I would suggest the Beman 9.3's, same as the fat boy, just slightly less straight that I doubt most anyone would really notice. Very affordable.


----------



## RNT (Feb 28, 2007)

I have been shooting gold tip ultralights for 3d. I order shaft only and they run me about $60/dozen. Cant beat them for the money.


----------



## wilkersonhunter (Dec 12, 2007)

*arrows*



williejr said:


> i have used 22's forever and love the heck out of em. but now i'm shootin victory x ringers and i'm very happy with them too.

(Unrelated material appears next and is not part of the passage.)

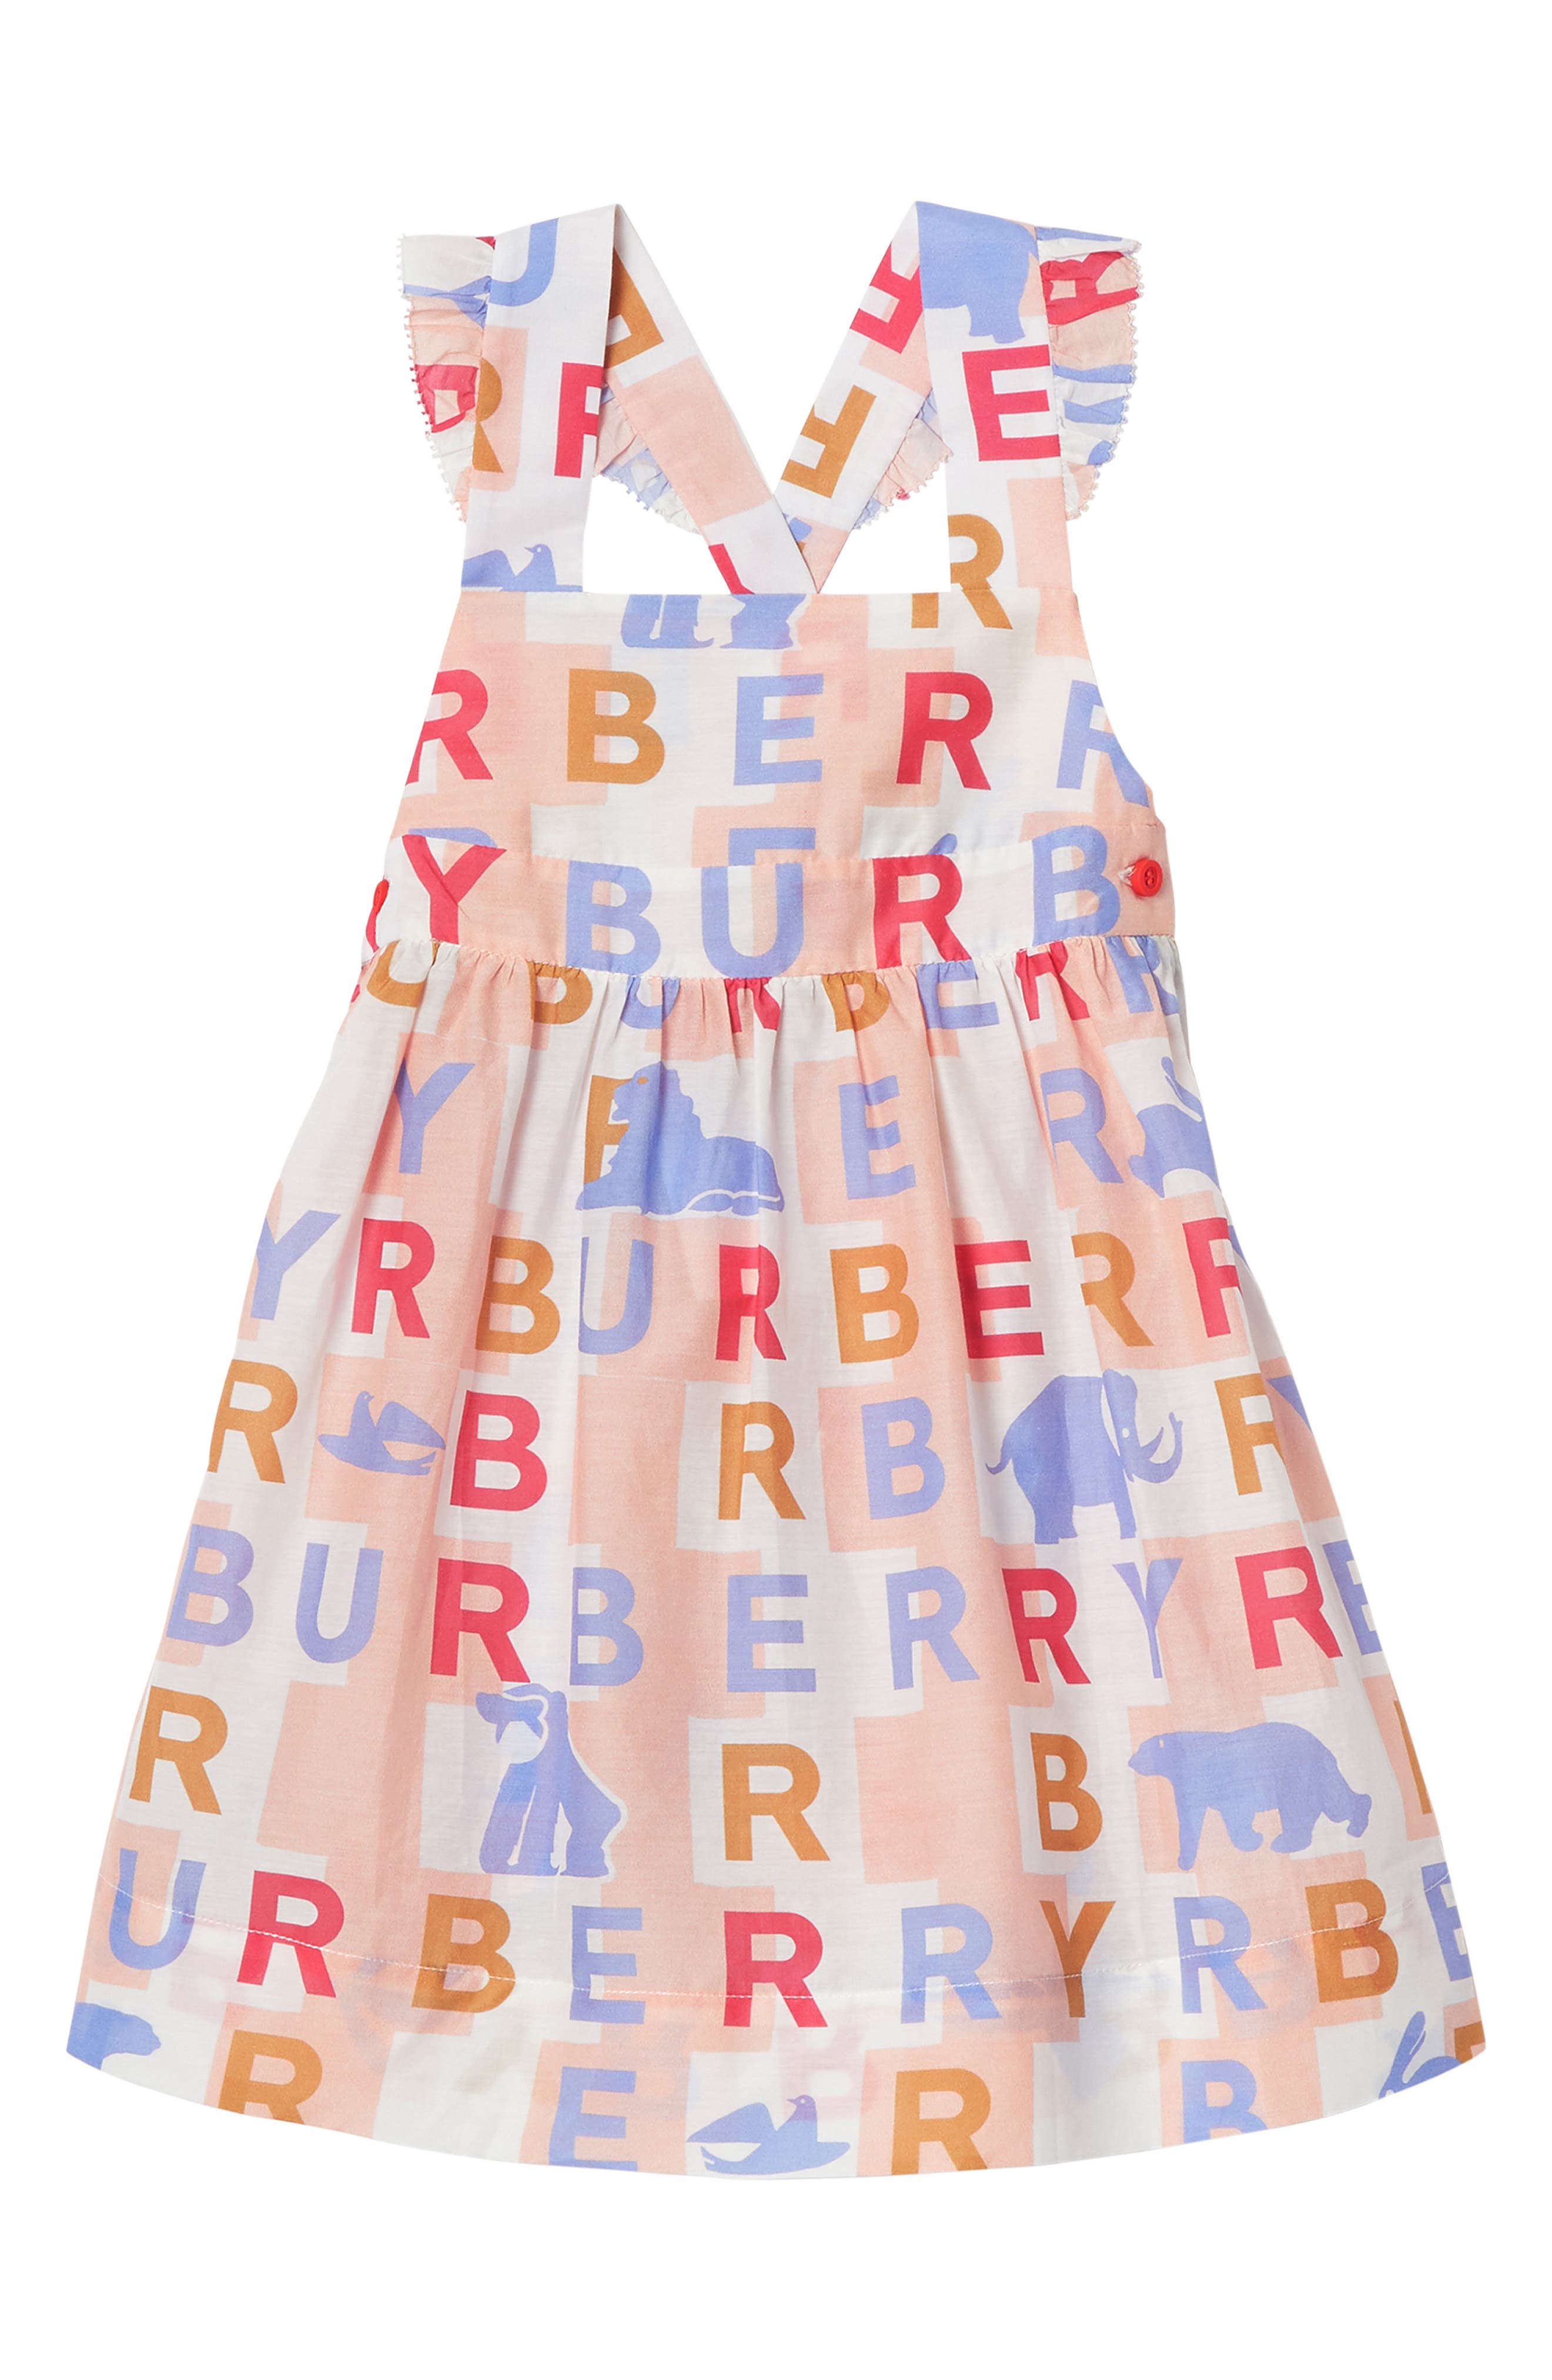 burberry dress 2t

i shoot the victory x ringers also they fly really well and verry inexpensive also


----------



## Harperman (Sep 3, 2006)

...PSE Radial X-Weave Pro's.....Tough, light, straight, consistant spine, and tough.....Harperman


----------



## MainelyBucks (Jun 14, 2009)

:smile:I shoot PSE radial X weaves . 200 pros @ 28" with blazer vains and 75 grain combo points @ 67# with a 30 1/2" draw on my XFORCE DREAM SEASON. Right now I m currently @ 320fps.......1 pin from 10 to 40 yards...


----------



## IBBW (Mar 29, 2005)

GT ultralights.


----------



## JStrebin (Feb 9, 2008)

Fatboy 500's 80 grn nib mini blazers 300 total grains on the dot

Shootin outta my Katera Xl and 27.5 dl and 55 lbs @ 290 fps


----------



## bandit69 (Mar 20, 2008)

Easton Lightspeed 3D


----------



## samhighnam (Dec 2, 2008)

*Fatboys!*

Im shooting easton fatboy 500s with silver unibushings, duravane 1.8 inch vanes. and bohning double click knocks. they weigh 301 grains. which is 1 grain over what i can shoot for ibo


----------



## killasoundz (Jul 6, 2008)

I'm shooting Easton X7 Cobalts 2412, 123gr point cut to 25.25" and 1,8 duravanes with beiter nocks.

Shoot great.


----------



## redneck1409 (May 4, 2009)

x-7 elcipse 2712


----------



## 20ftup (Mar 19, 2007)

You dont need to shoot to learn yardage, Learn to estimate yardage on a family walk at the grocery store etc, Know how far that distance is, quit geussing and losing arrows


----------